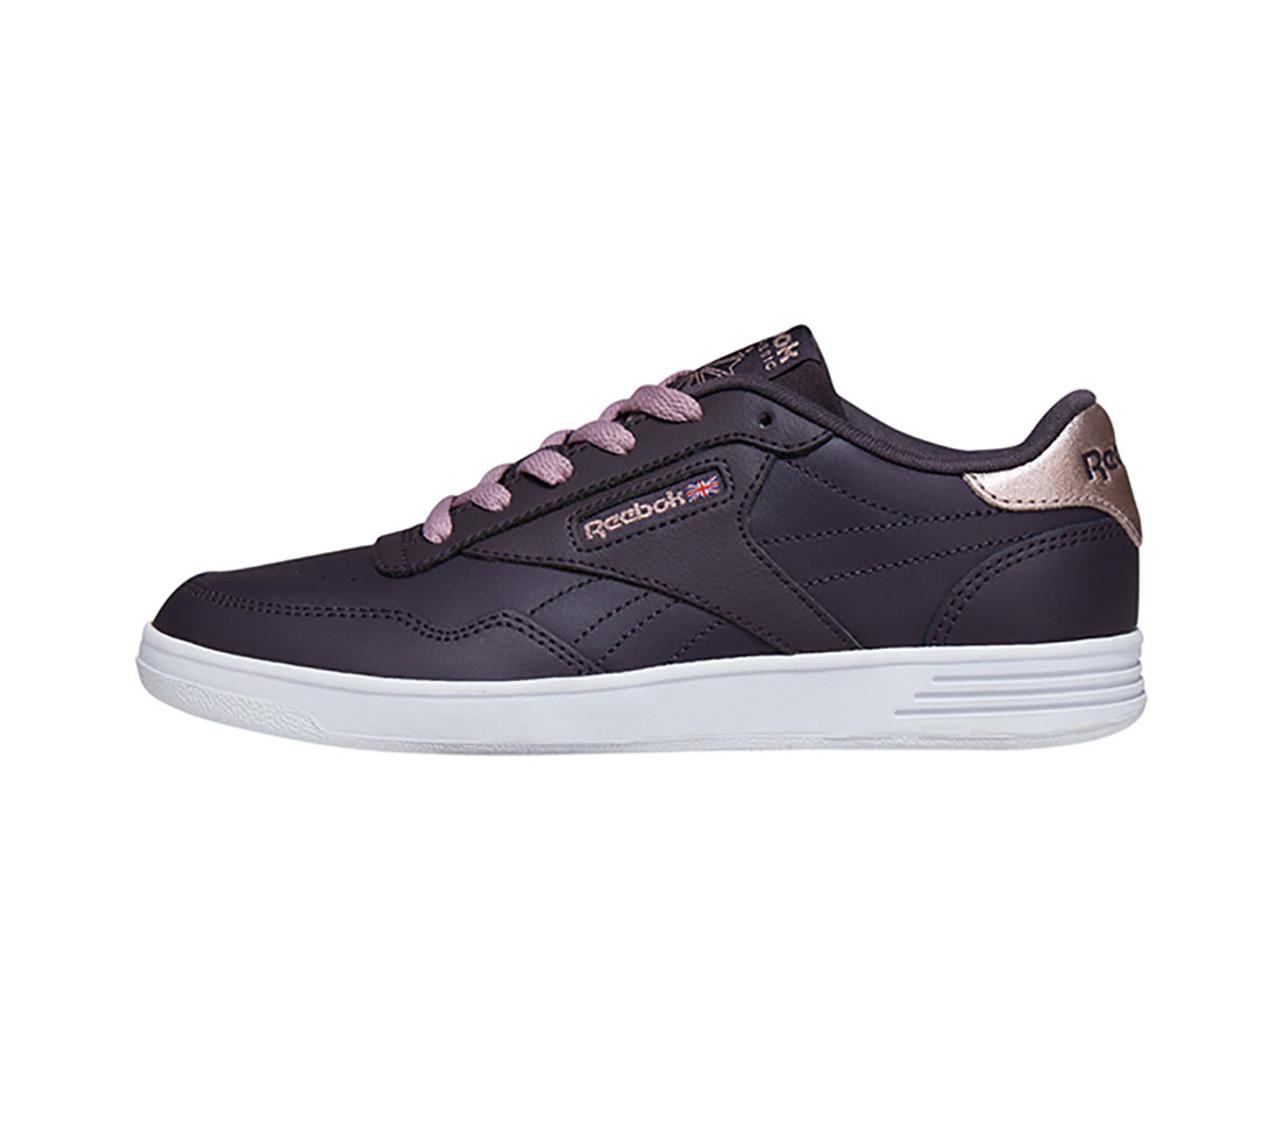 (DRIFTIUMRIDE-BBPB) Reebok Driftium Ride Women s Healthcare Professional Athletic  Footwear ... eeadaf1ea
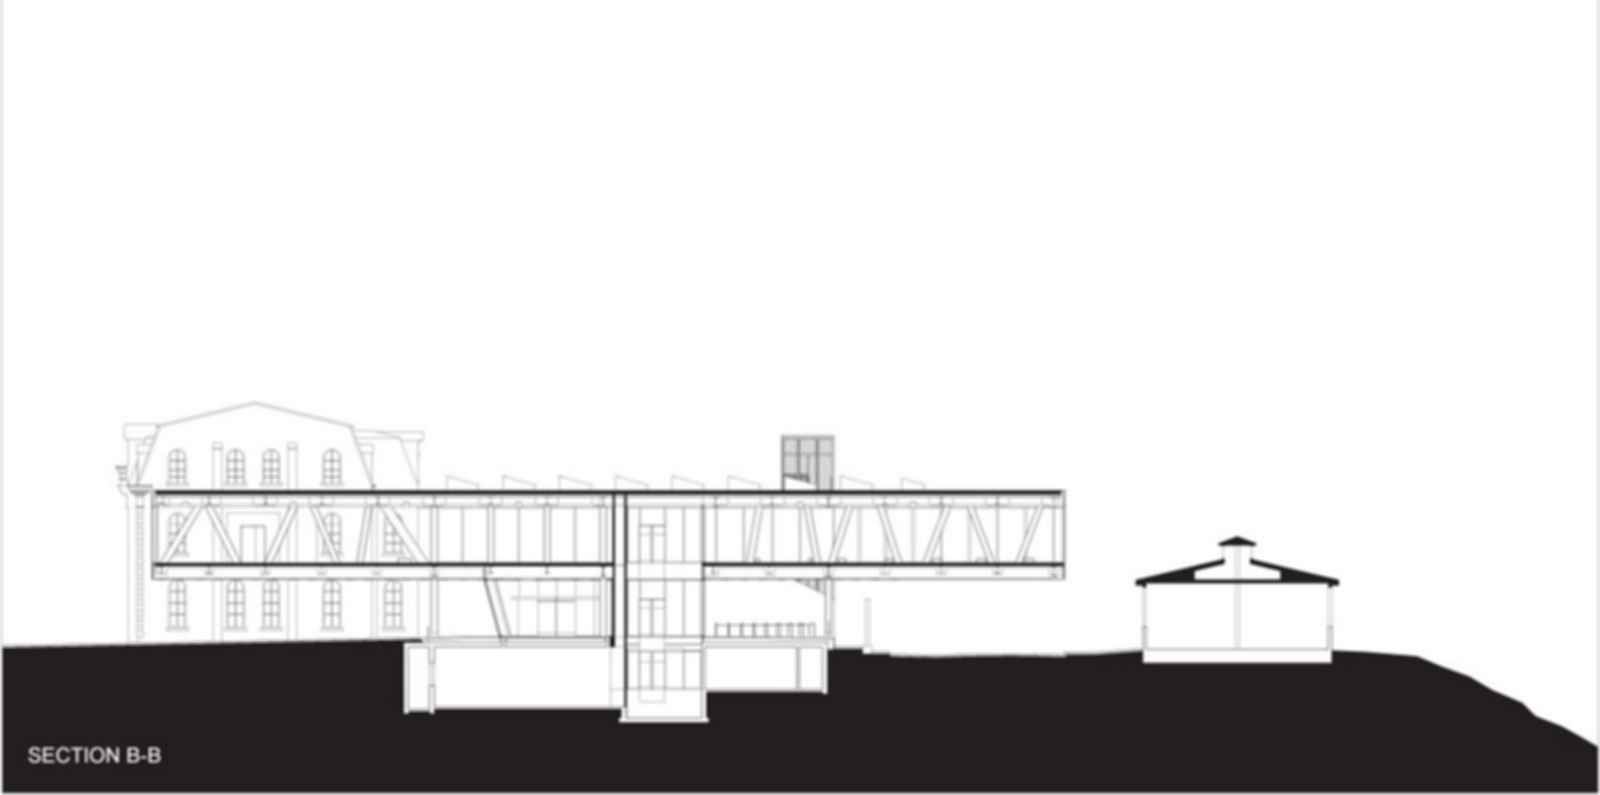 Milstein Hall at Cornell University - Concept Design
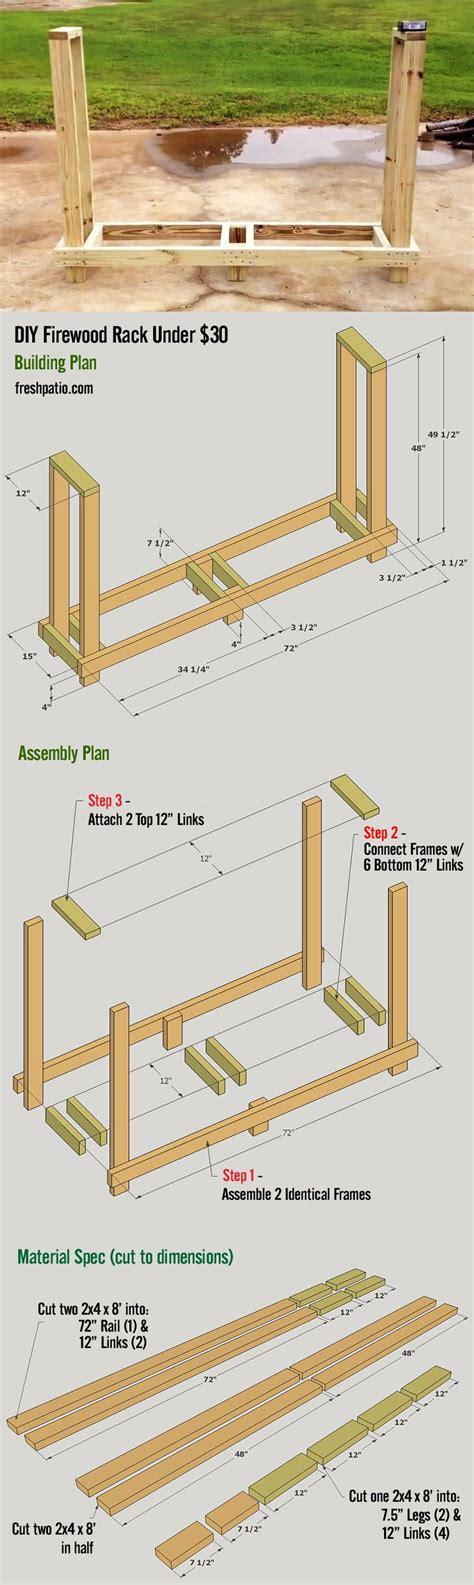 firewood rack plan easy  build
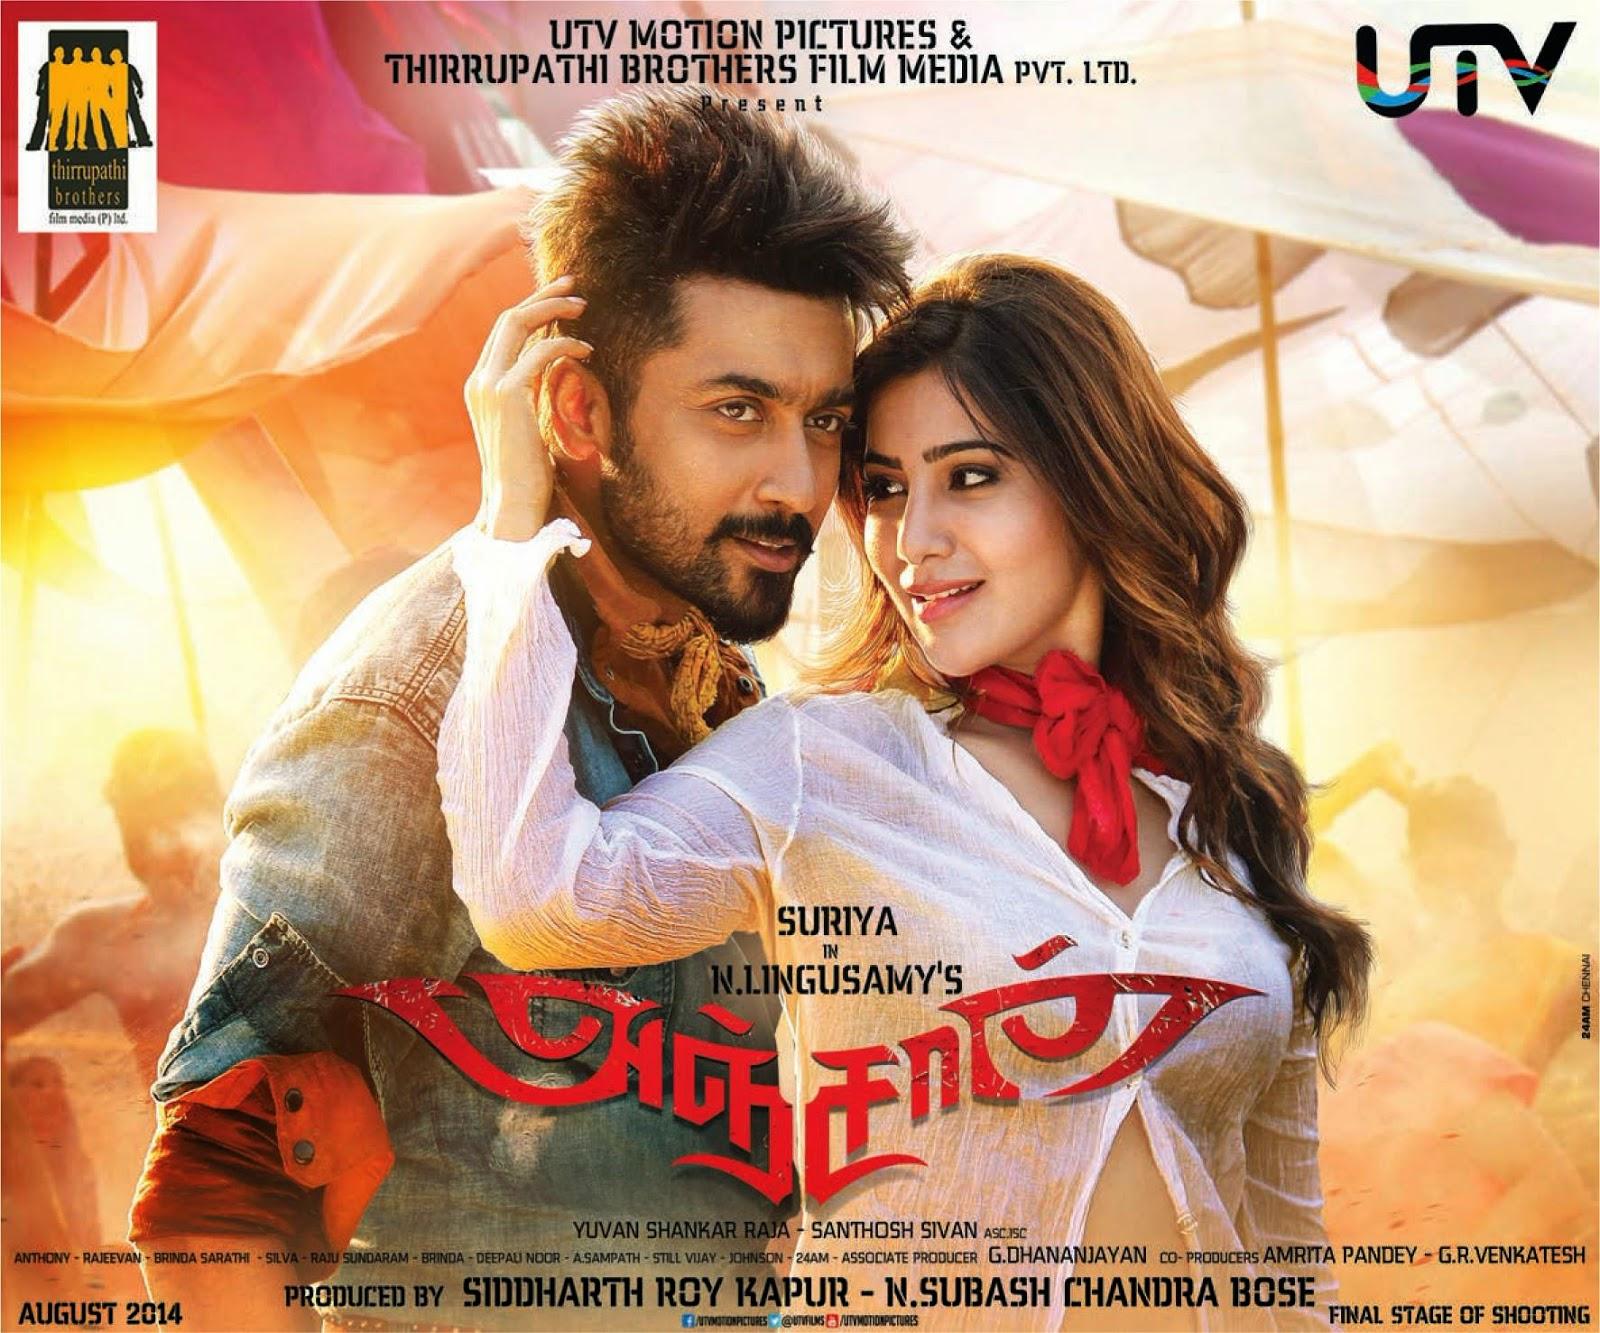 stylish' surya rocks in 'anjaan' first looks! | actor surya blog

Problem statement: Transcribe the whole listing, character for character, but not its images.

Task solution:
 (DRIFTIUMRIDE-BBPB) Reebok Driftium Ride Women s Healthcare Professional Athletic  Footwear ... eeadaf1ea
 Milstein Hall at Cornell University - Concept Design
 firewood rack plan easy  build
 stylish' surya rocks in 'anjaan' first looks! | actor surya blog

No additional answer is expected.